9. Subtraction is addition. There are simply too many teams to produce exciting races. That’s to be expected when there are players who should not be in MLB in the first place. Instead of expansion, contraction with a dispersal draft is in order. These things should be done:
· The Rays should be moved from Tampa to Montreal.
· Miami should lose its franchise, as should Oakland. Arizona, Cleveland, Detroit, and Pittsburgh should be put on notice to improve their teams and attendance or they too will be slated for contraction. Two 12-team divisions would spotlight much better baseball.
10. Rod Manfred should be fired and the new commissioner should be independent of owners.
11. I’m in favor of one kind of salary cap: an upper limit on star contracts.

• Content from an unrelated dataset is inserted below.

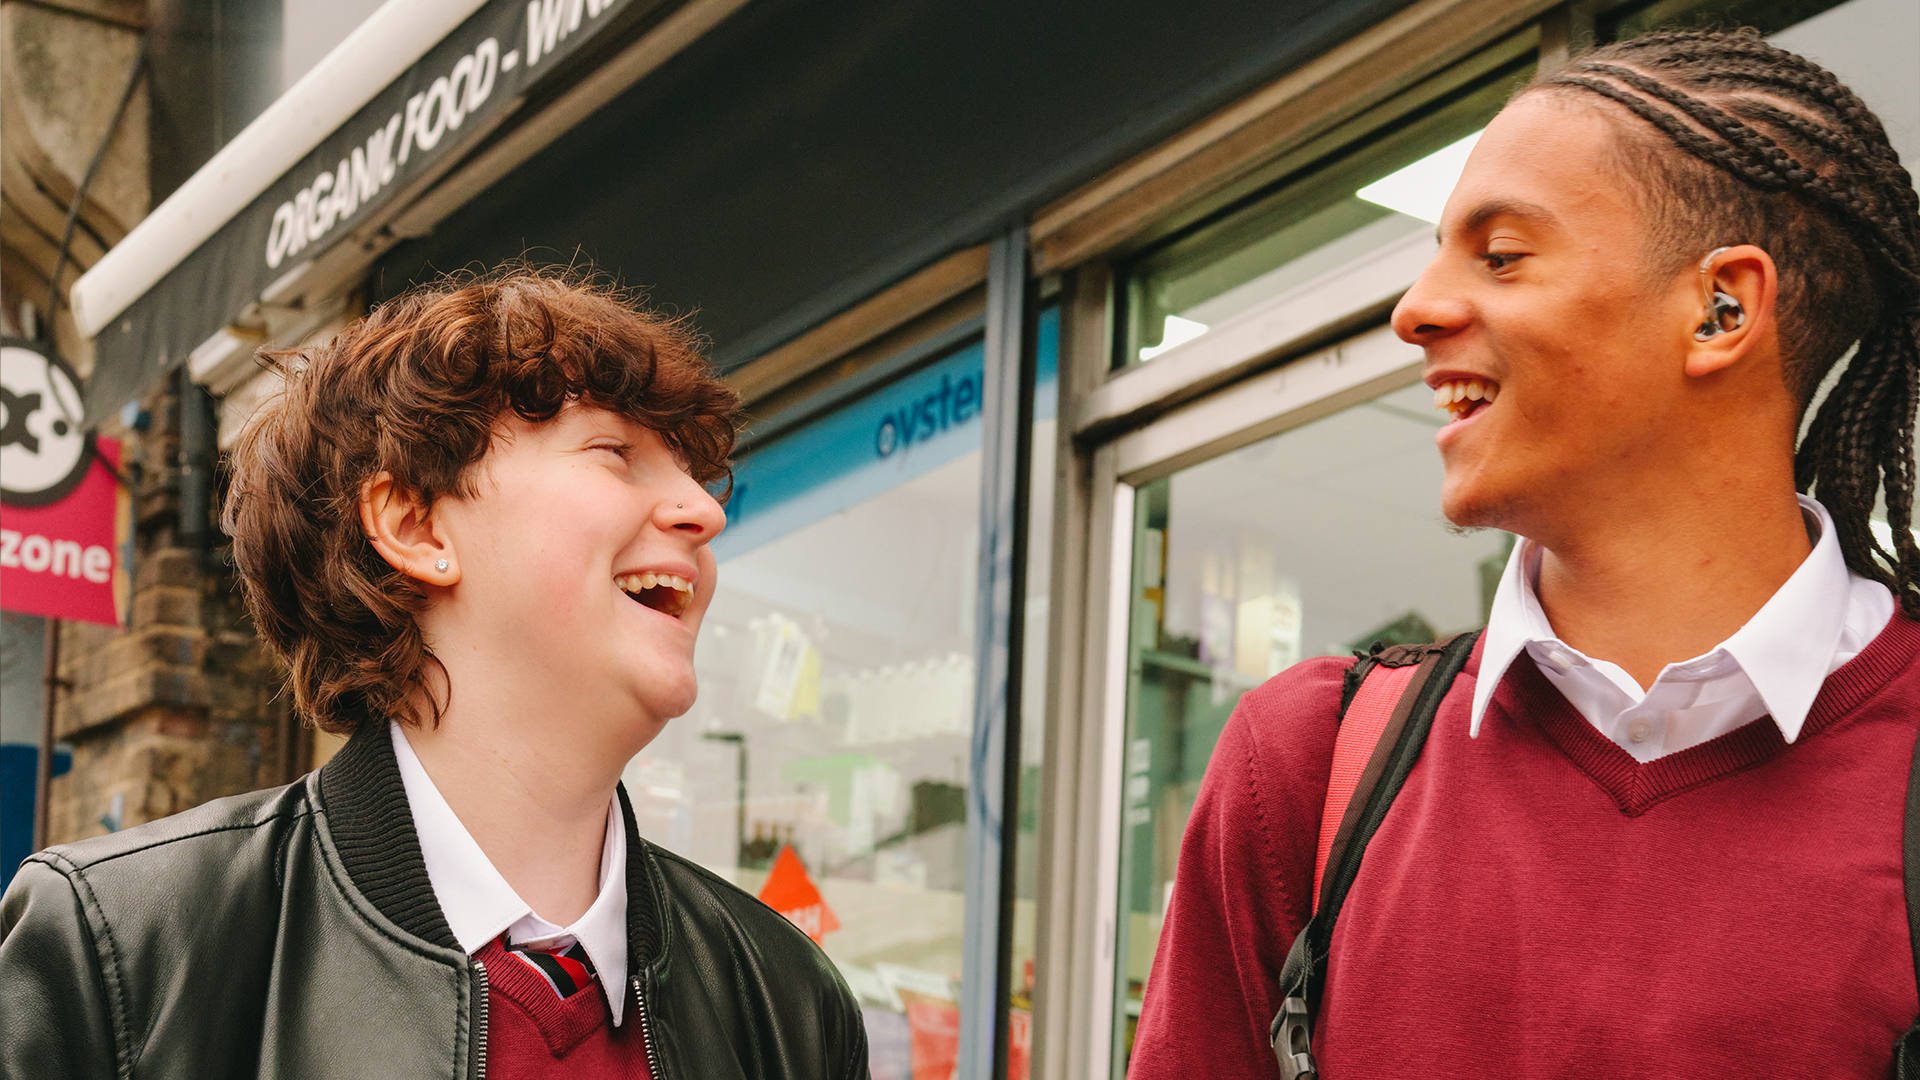 A Black teenage boy wearing a hearing aid laughing with a white non-binary teenager outside the shops.
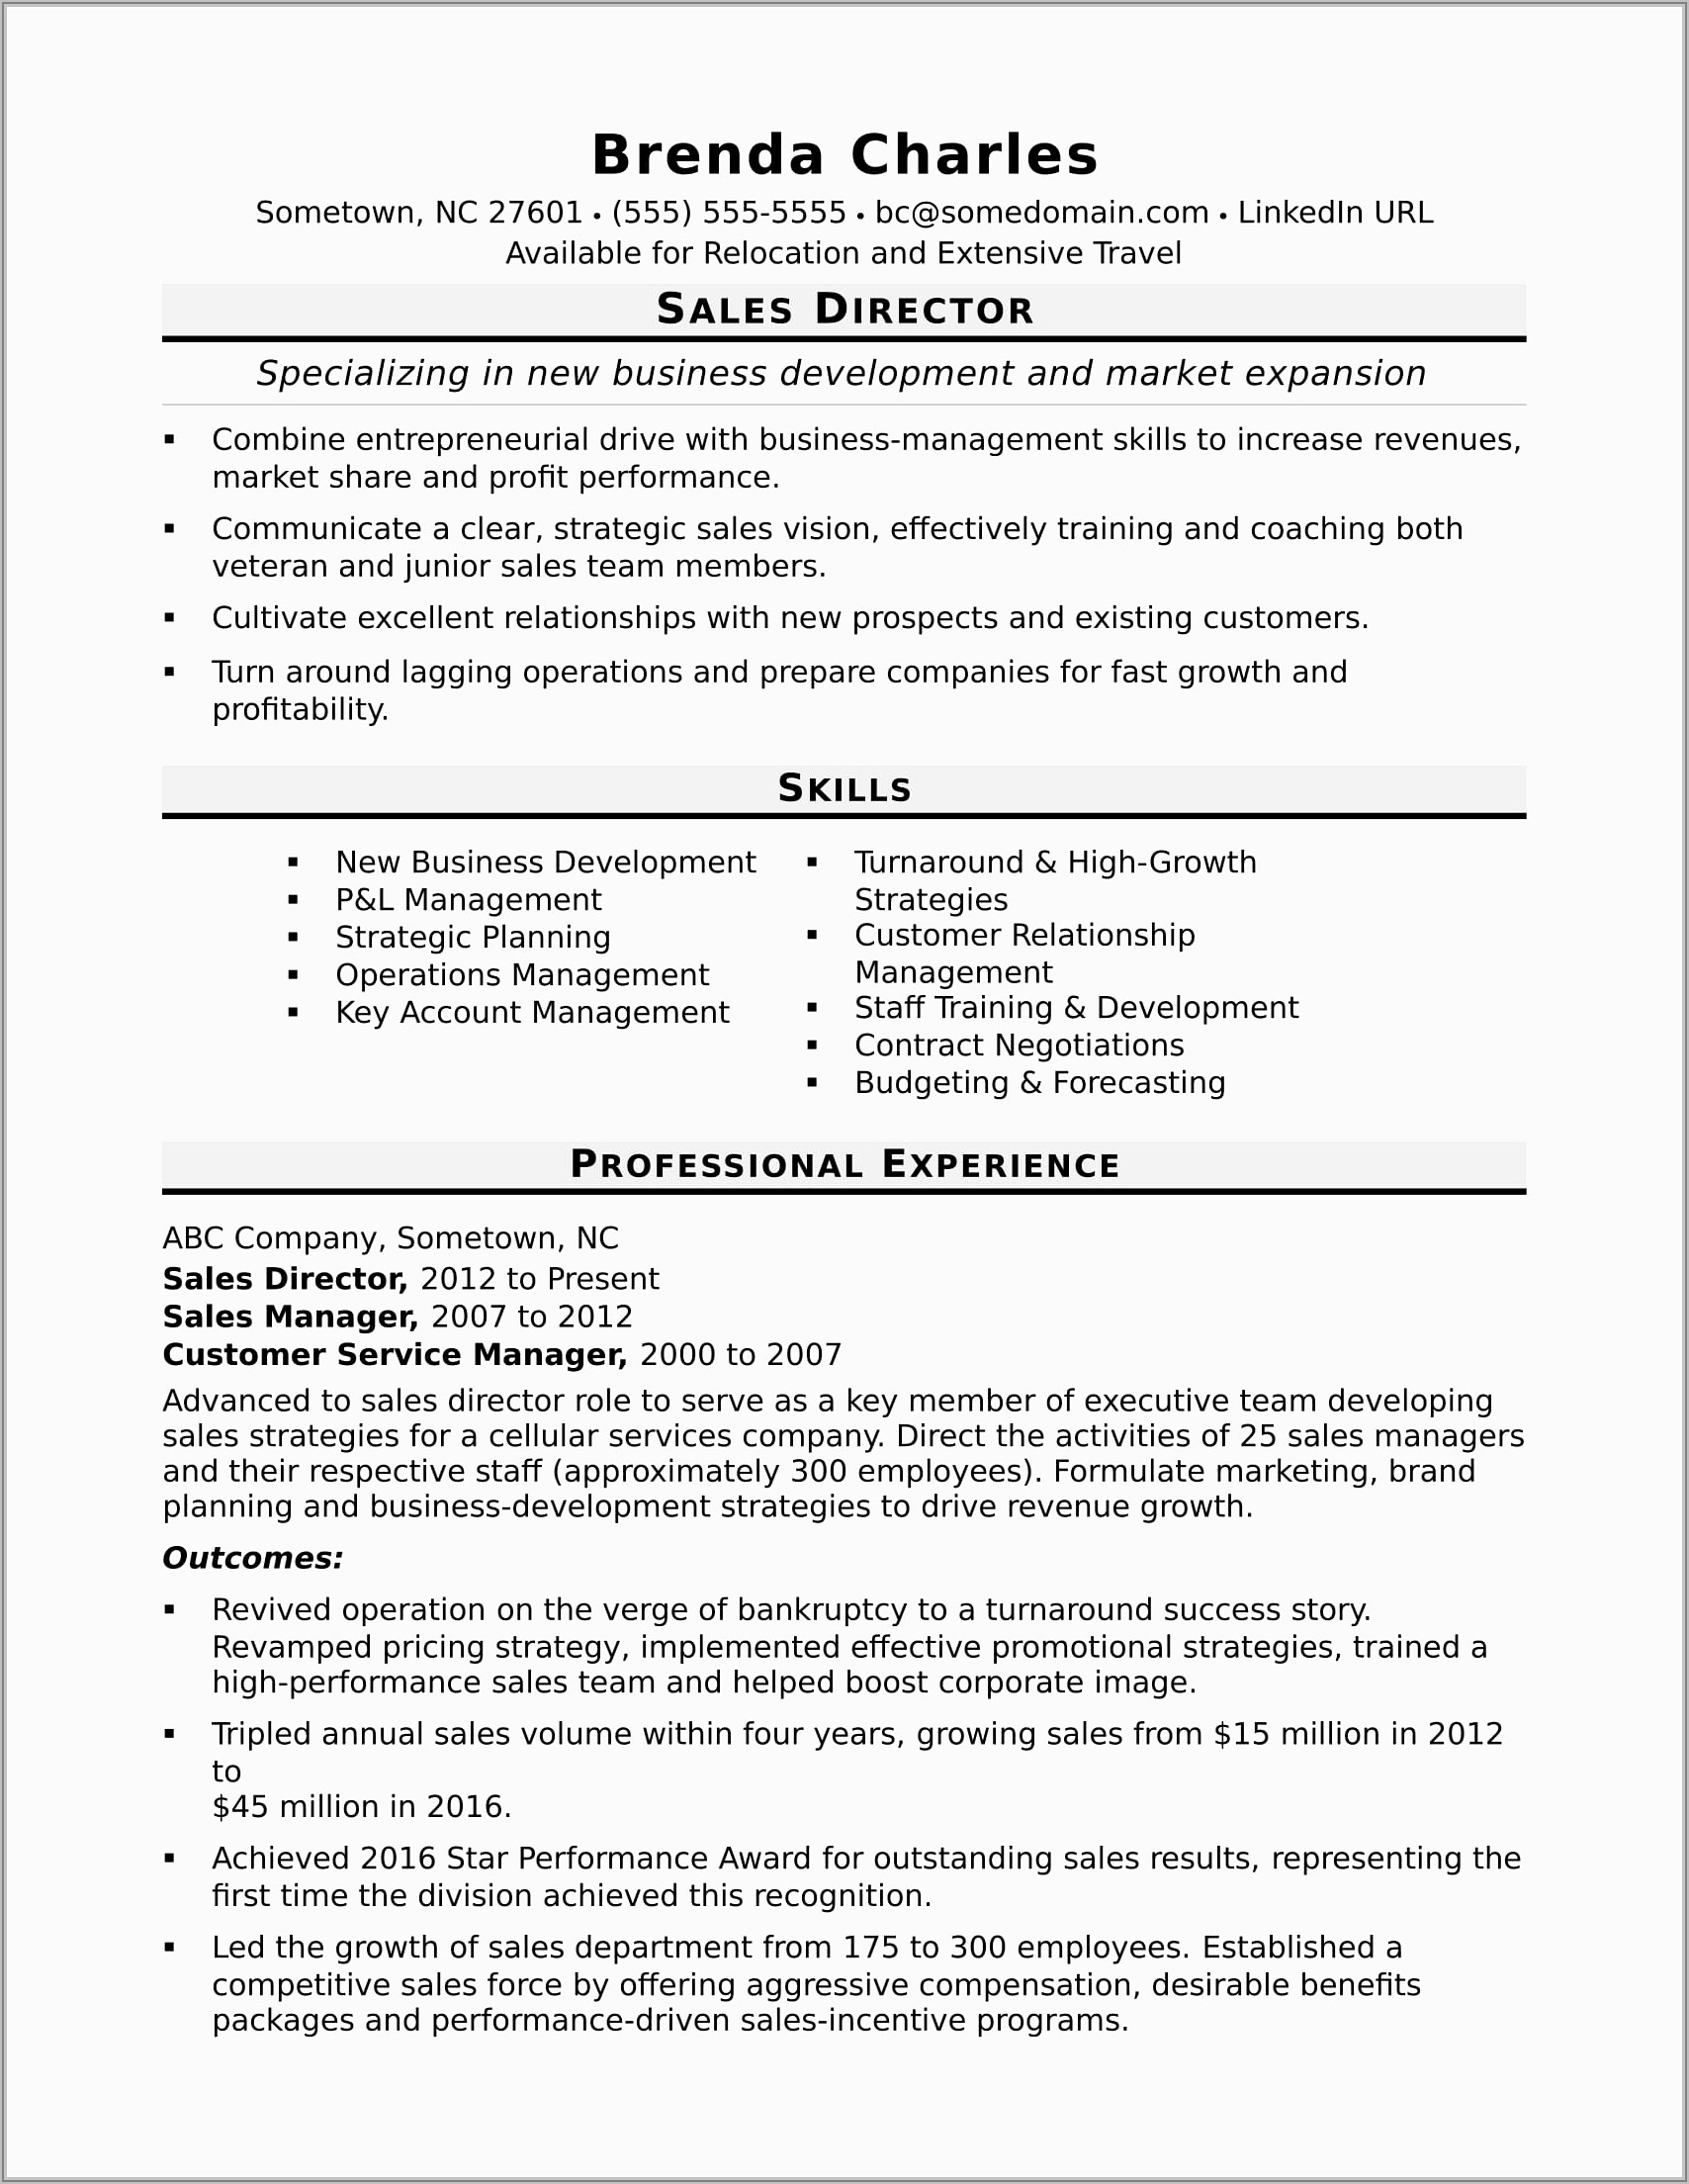 Sample Resume For Sales Executive Fmcg

Twenty-five million per is enough for anyone and would dissuade agent-induced team-jumping. It would also relieve franchises of the bind of needing 22 stiffs to pay for two great players.
12. Ticket prices should be slashed by 20% across the board. It would cost you at least $500 for a seat behind home plate at Yankee Stadium and the average cost for four people to attend one MLB game (with cheap seats factored in) is a whopping $253. It’s way more in Boston, the most expensive place to see a live game. For heaven's sake, this is the age of MLB.com and cable. I’m shocked anyone pays this kind of coin to sit in nosebleed discomfort when they can see a game better in the comfort of their home.
Play more day games with further reduced ticket prices so the kids come back to baseball. If they don’t, start writing MLB’s epitaph.